Abstract

A 57-year-old female presented left-sided weakness, but her deficit improved for a few days. MRI performed a week later after onset showed infarctions in the head of the right caudate nucleus and the cortex of the right frontal lobe. MRI and DSA revealed an irregular dilatation with the pseudolumen in the right ICA C1-2 portion. She was diagnosed with ischemic stroke due to intracranial internal carotid artery dissection. After conservative therapy including Cilostazol and blood pressure control, the size of ICA dissection remained unchanged. However, the follow-up angiography six months after onset revealed aneurysmal dilatation of the C1-2 portion. Therefore, we stopped Cilostazol.

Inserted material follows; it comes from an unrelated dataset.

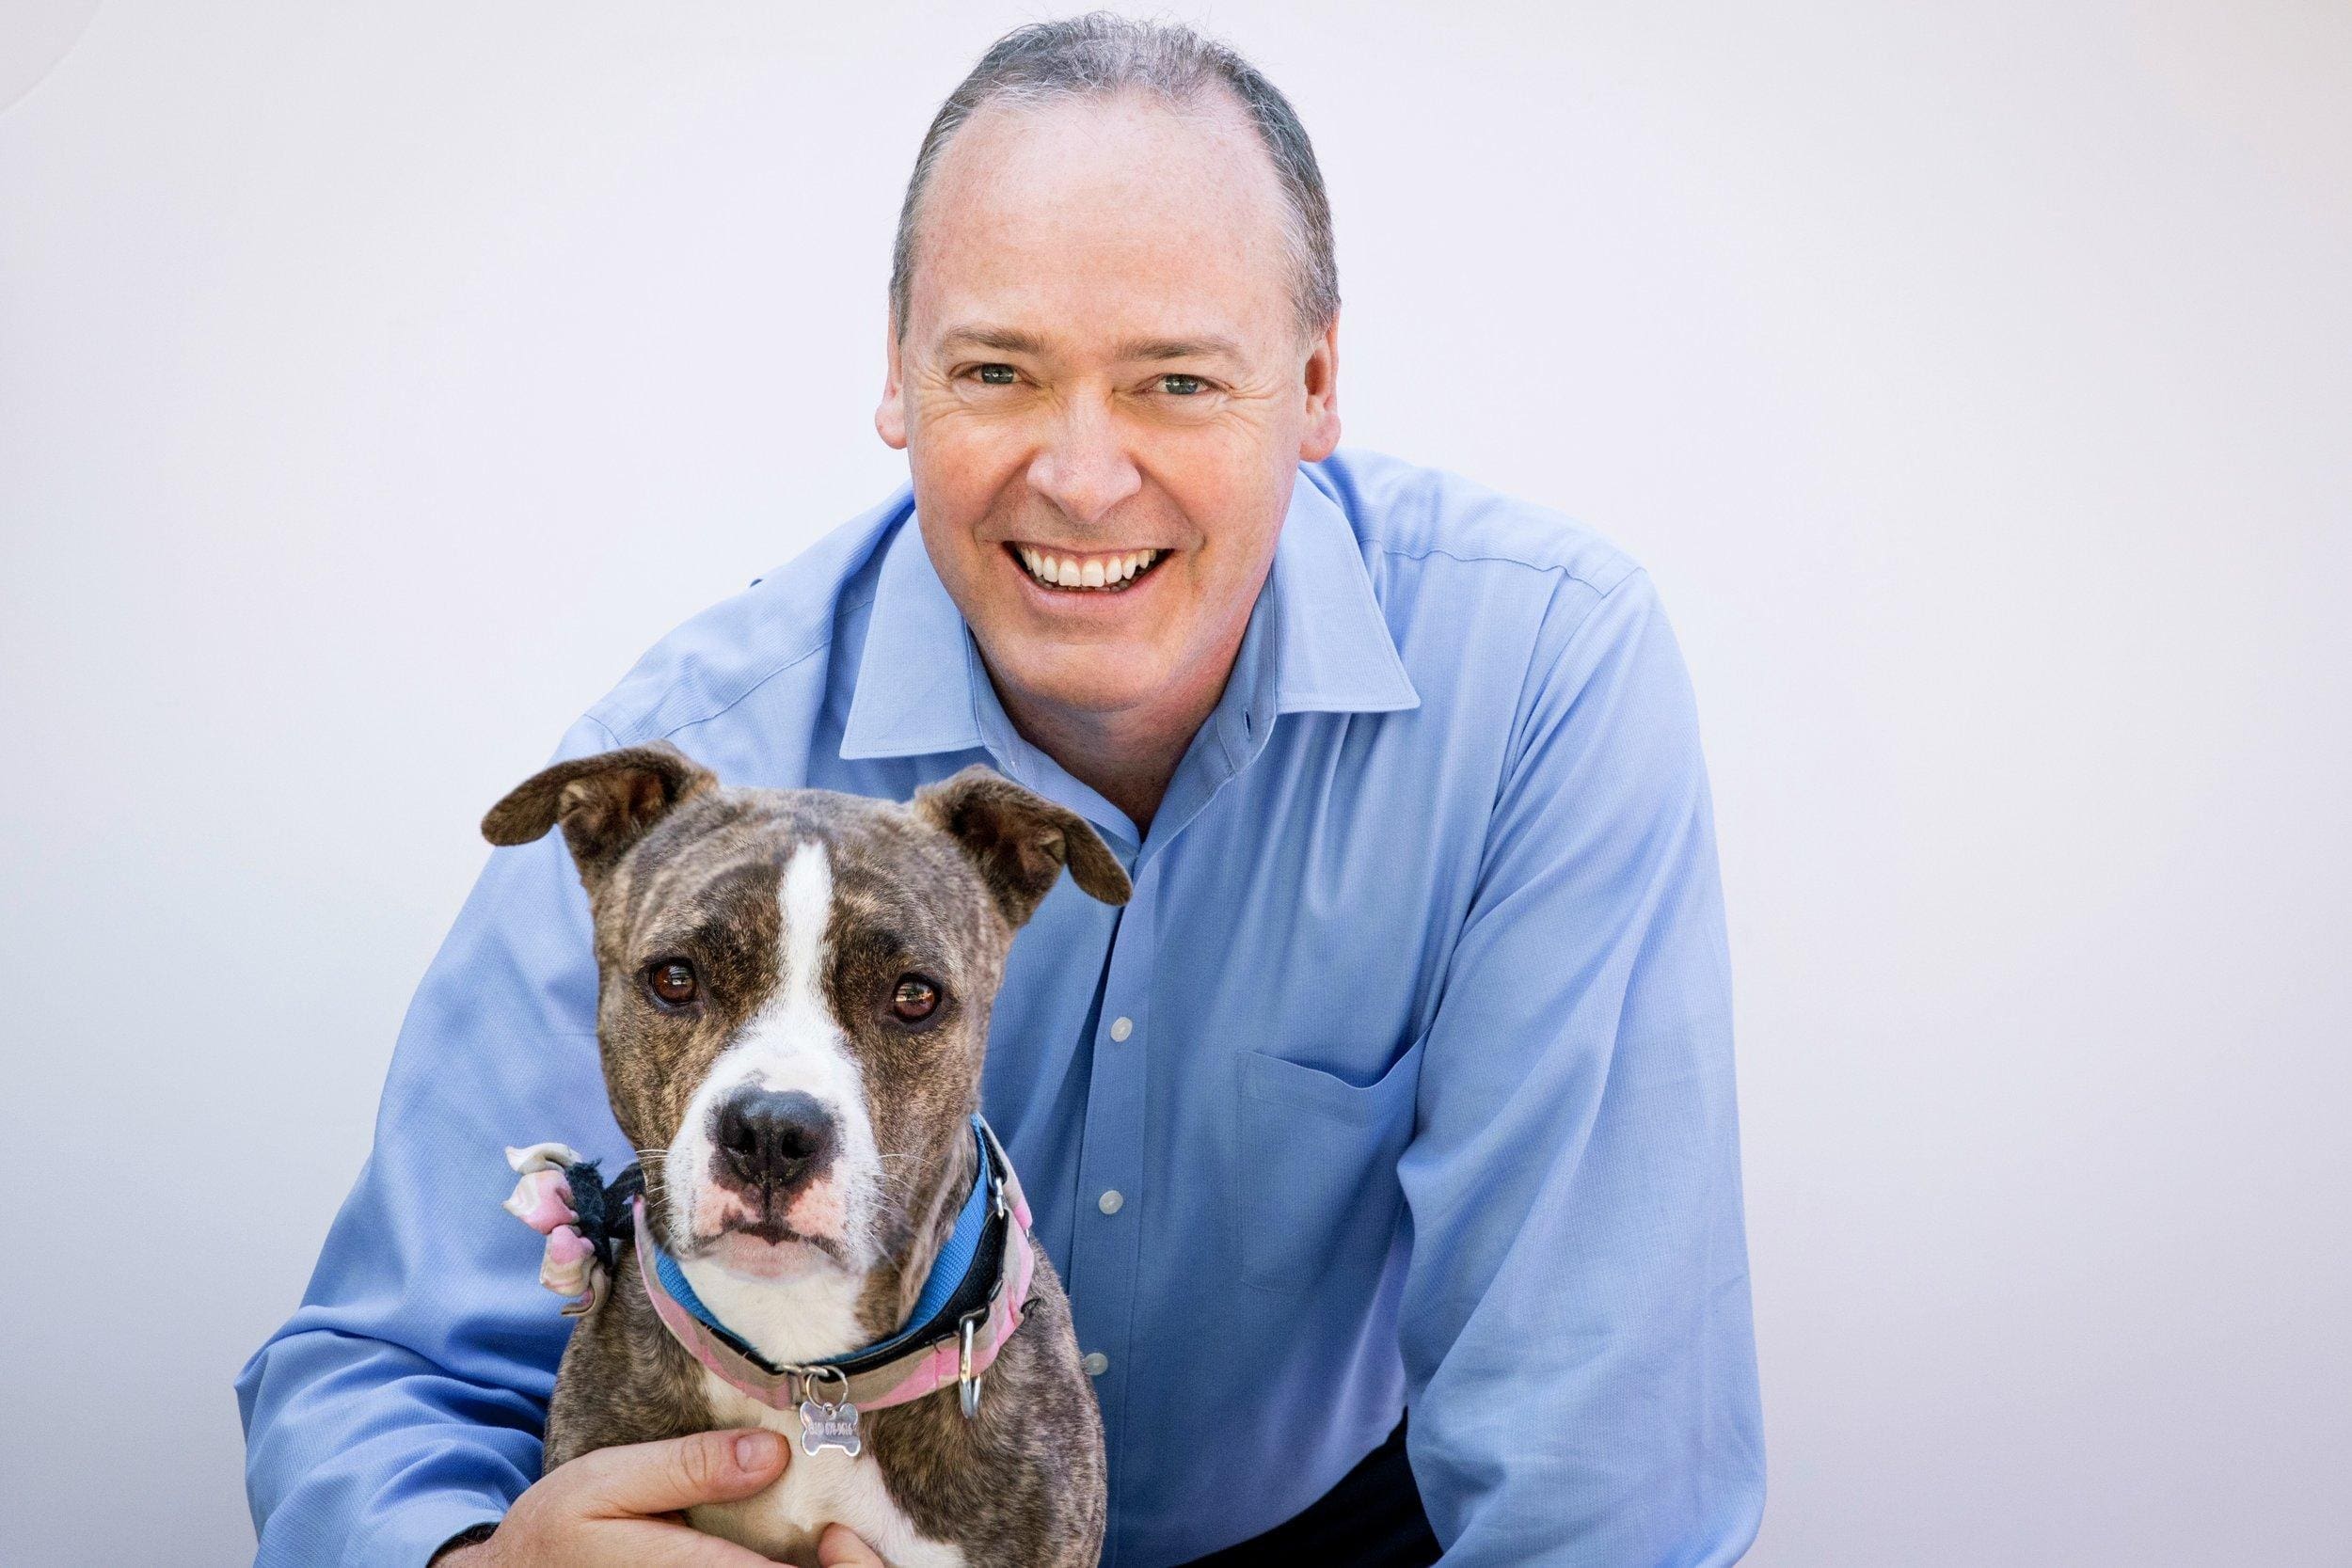 Brett Yates Discusses the Pet Care Business on SullivanSays Podcast
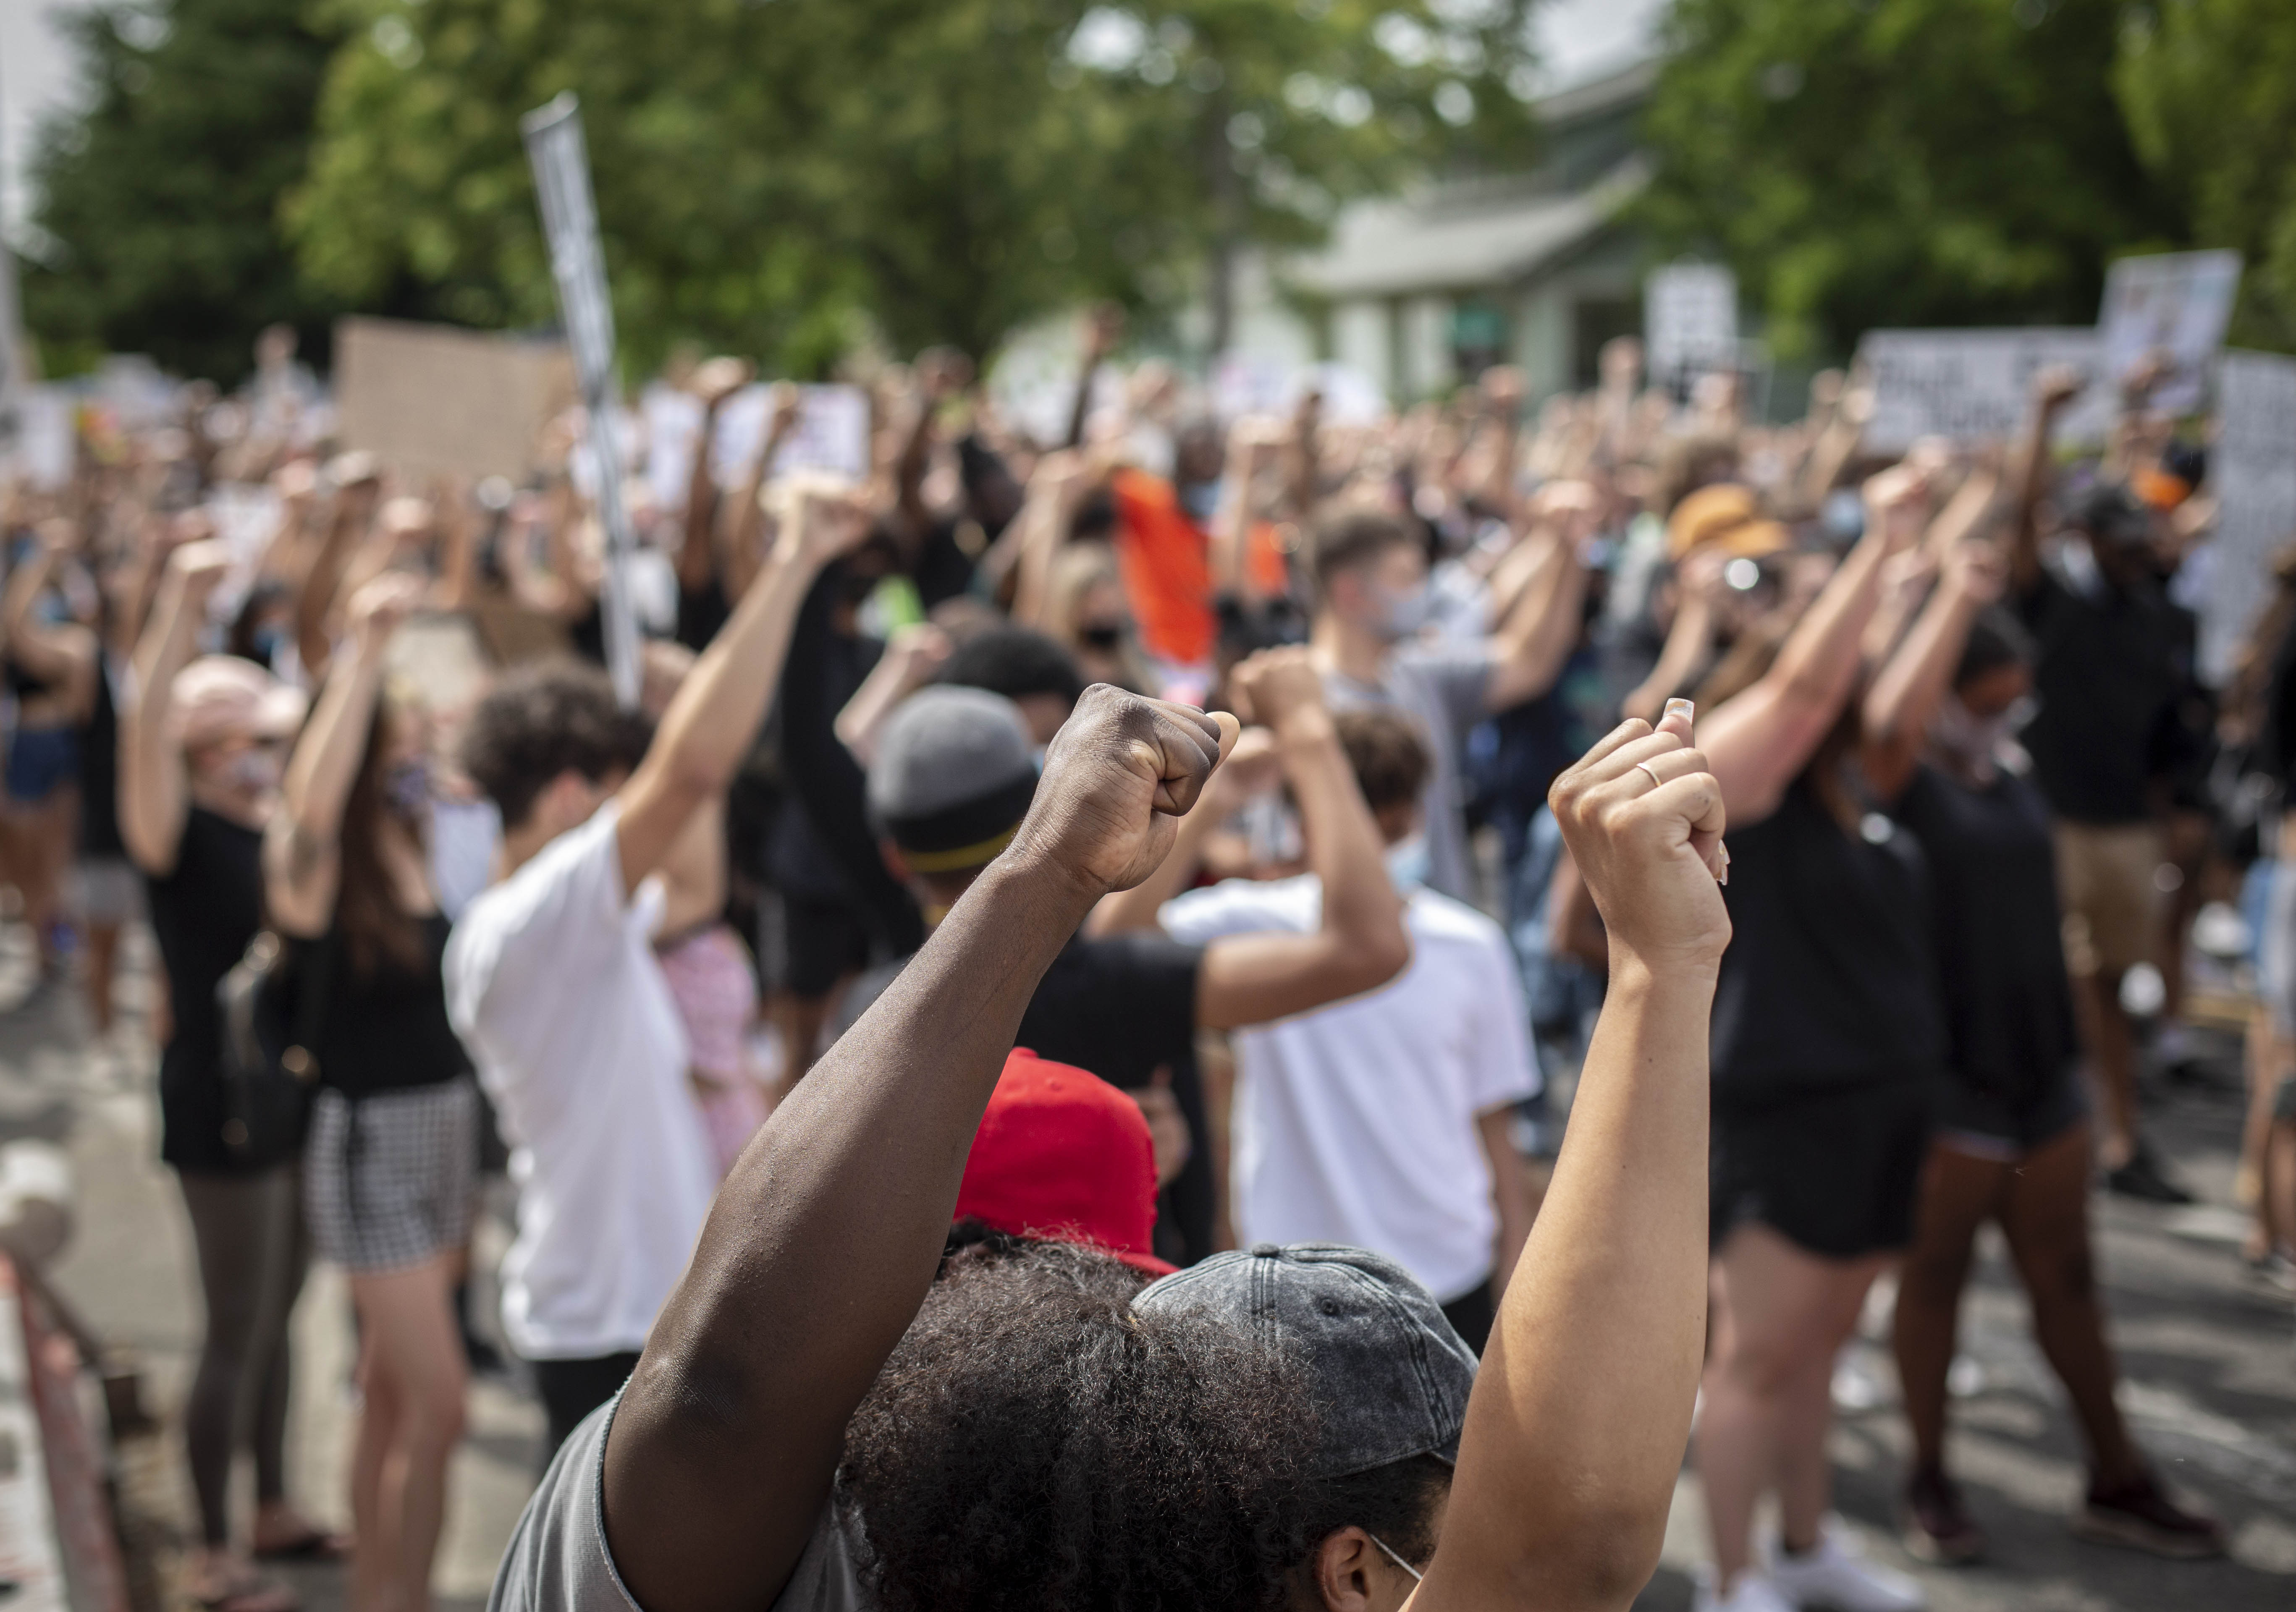 School celebrates Black Lives Matter - every day

An ischemic attack recurred in the subcortex of the right frontal and temporo-parietal lobe seven months after onset. To prevent both the recurrence of ischemic attack and occurrence of subarachinoid hemorrhage due to the rupture of the aneurysm, we planned to trap the dissecting ICA aneurysm with the use of STA-MCA double bypass under motor evoked potential (MEP) monitoring. However, MEP amplitudes decreased during surgery after trapping of the ICA. Therfore, we were obliged to treat the dissecting aneurysm with proximal occlusion to avoid ischemic complication. The postoperative course was uneventful. Motor paresis deteriorated immediately after surgery, but she recovered after 72 hr.